We were told we could be anything, and look at how we’ve turned out. They never told us that we’d understand why people rob banks, steal, cheat, kill, and lie. They never told us that we’d understand criminality, while we riot with the sanctimonious incredulity expected of us— that we’d often quietly empathize. They never told us that justice was merely anger’s petulant retribution.
They never told us we weren’t truly free, and that even the masters of us are slaves to the lacquered-finish nothing which we all pretend to be something. They never told us that we’d die in small rooms, with whatever malignant thoughts remain, our minds having departed before our flesh capitulated, left our bodies as hollowed, sagging, and broken shells.
They never told us we’d long for a lifetime, for something unnamed, and that we’d never find it.
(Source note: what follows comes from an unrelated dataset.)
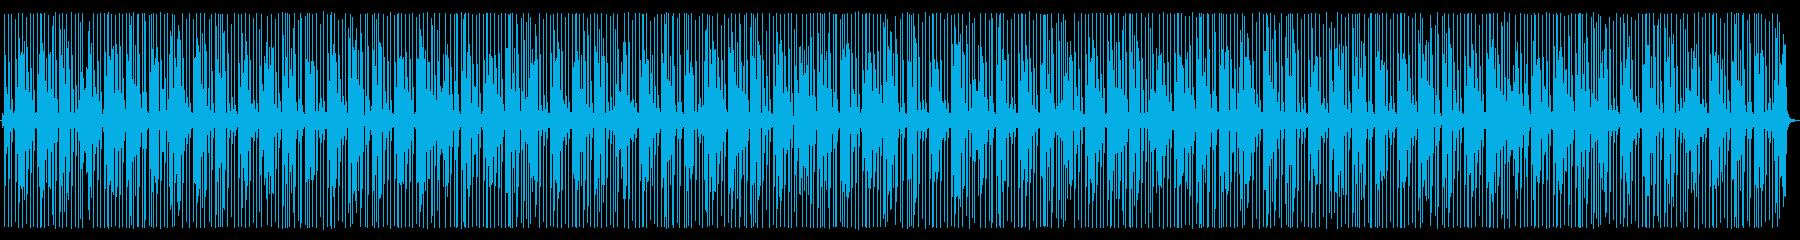 テクノロジー系製品機能紹介などのBGM用の再生済みの波形

They never told us that once the paint had dried on youth’s rebellious graffiti-wall dreams, they’d be forgotten, or abandoned, lost to convention, lost— to time’s defeated apathy, the wired-jaw silence of beaten men, that they’d be pissed on by cackling-laughter winos, shit on by the pigeons waiting on ledges, stripped by winters’ malicious torrents of wind and rain.
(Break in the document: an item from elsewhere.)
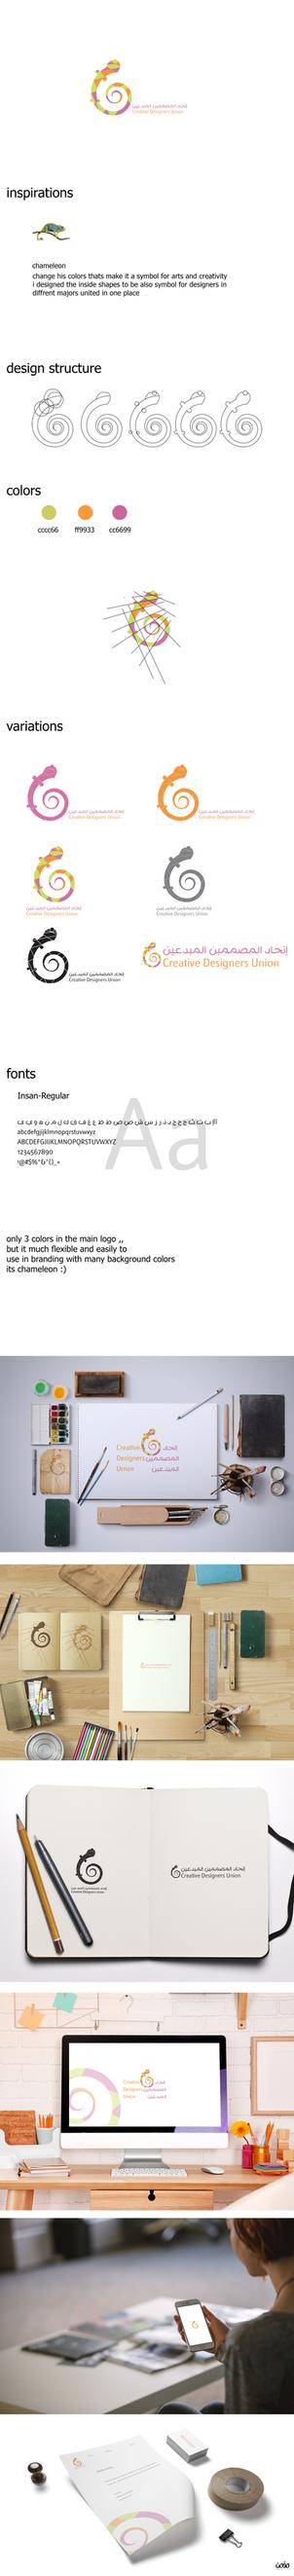 Creative Designers Union by momenarts

They never told us that none of the promises made to us would ever be kept, or that even the geniuses among us, the seemingly accomplished, would never feel fulfilled.
They never told us that we’d hear our names whispered on autumn’s brisk winds, a foretelling, whilst a cold sun’s judgment glares angrily at us, and as its warm amber seduces the next; they never told us that all we’d really have is each other, lovers, that all else is glistening sunlit dust, and we shan’t tell those who follow us.